On the move: Stock declines were broad based, with all 30 Dow stocks falling, led by Boeing (BA, Fortune 500), Caterpillar (CAT, Fortune 500), Chevron (CVX, Fortune 500), Exxon Mobil (XOM, Fortune 500) and IBM (IBM, Fortune 500).
Credit card stocks fell after the Senate proposed a new rule that would limit the amount companies charge consumers using their debit cards. Shares of Visa (V, Fortune 500), MasterCard (MA, Fortune 500) and Capitol One Financial (COF, Fortune 500) all fell.
A variety of financial shares fell, dragging down the KBW Bank (BKX) index by 3.2%.
Market breadth was negative. On the New York Stock Exchange, losers beat winners 7 to 1 on volume of 1.52 billion shares. On the Nasdaq, decliners topped advancers five to one on volume of 2.6 billion.

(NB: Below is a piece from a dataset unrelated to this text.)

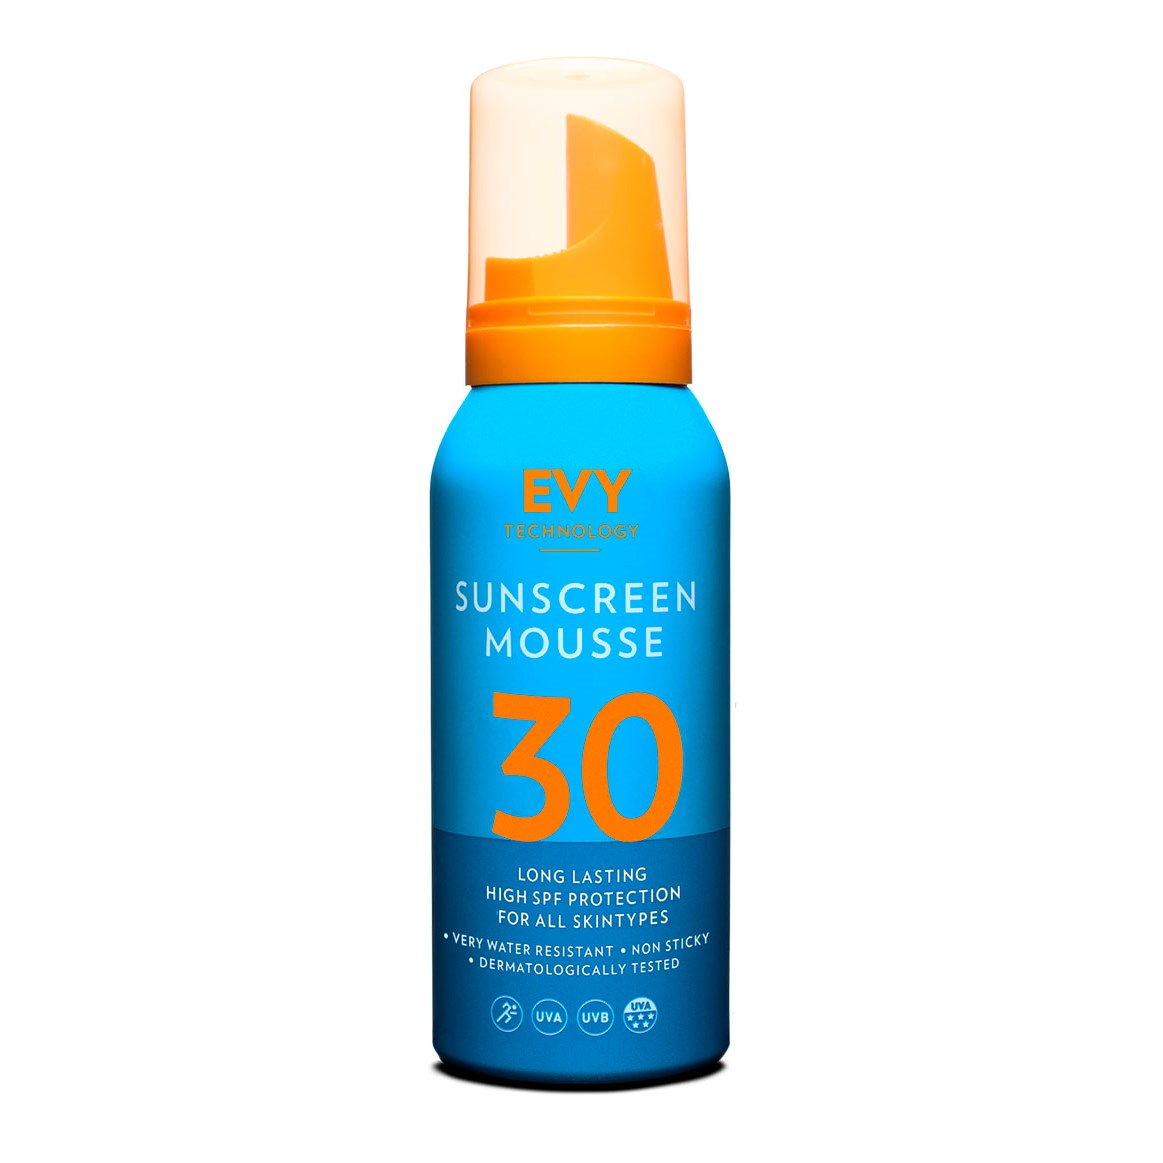 EVY Sunscreen Mousse SPF 30 - 100ml

World markets: Stocks around the globe were mostly lower as worries about the crisis took its toll. In Europe, Britain's FTSE lost 3.1%, Germany's DAX lost 3.1% and France's CAC 40 lost 4.6%.
Asian markets fell, with Japan's Nikkei losing 1.5% and Hong Kong's Hang Seng losing 1.4%.
Dollar and commodities: The dollar gained 1.4% versus the euro and fell 0.3% against the yen. The euro slid to an 18-month low versus the dollar.
U.S. light crude oil for June delivery dropped $2.79 to settle at $71.61 a barrel on the New York Mercantile Exchange.
COMEX gold for June delivery lost $1.40 to settle at $1,227.70 an ounce after touching an intraday record of $1,249.70 earlier.
Bonds: Treasury prices rallied, lowering the yield on the 10-year note to 3.44% from 3.56% late Thursday. Treasury prices and yields move in opposite directions.
Retail sales: April retail sales rose 0.4%, the Commerce Department reported. The figure was double what economists surveyed by Briefing.com were expecting but weaker than the revised 2.1% climb in sales seen in March.
Retail sales excluding autos rose 0.4%, short of the 0.5% economists were expecting. Sales rose 1.2% in March.
Economy: The Federal Reserve said industrial production rose 0.8% in April, in line with expectations and following an increase of 0.2% in March. Capacity utilization rose to 73.7% from 73.1% in March. Economists expected 73.9%.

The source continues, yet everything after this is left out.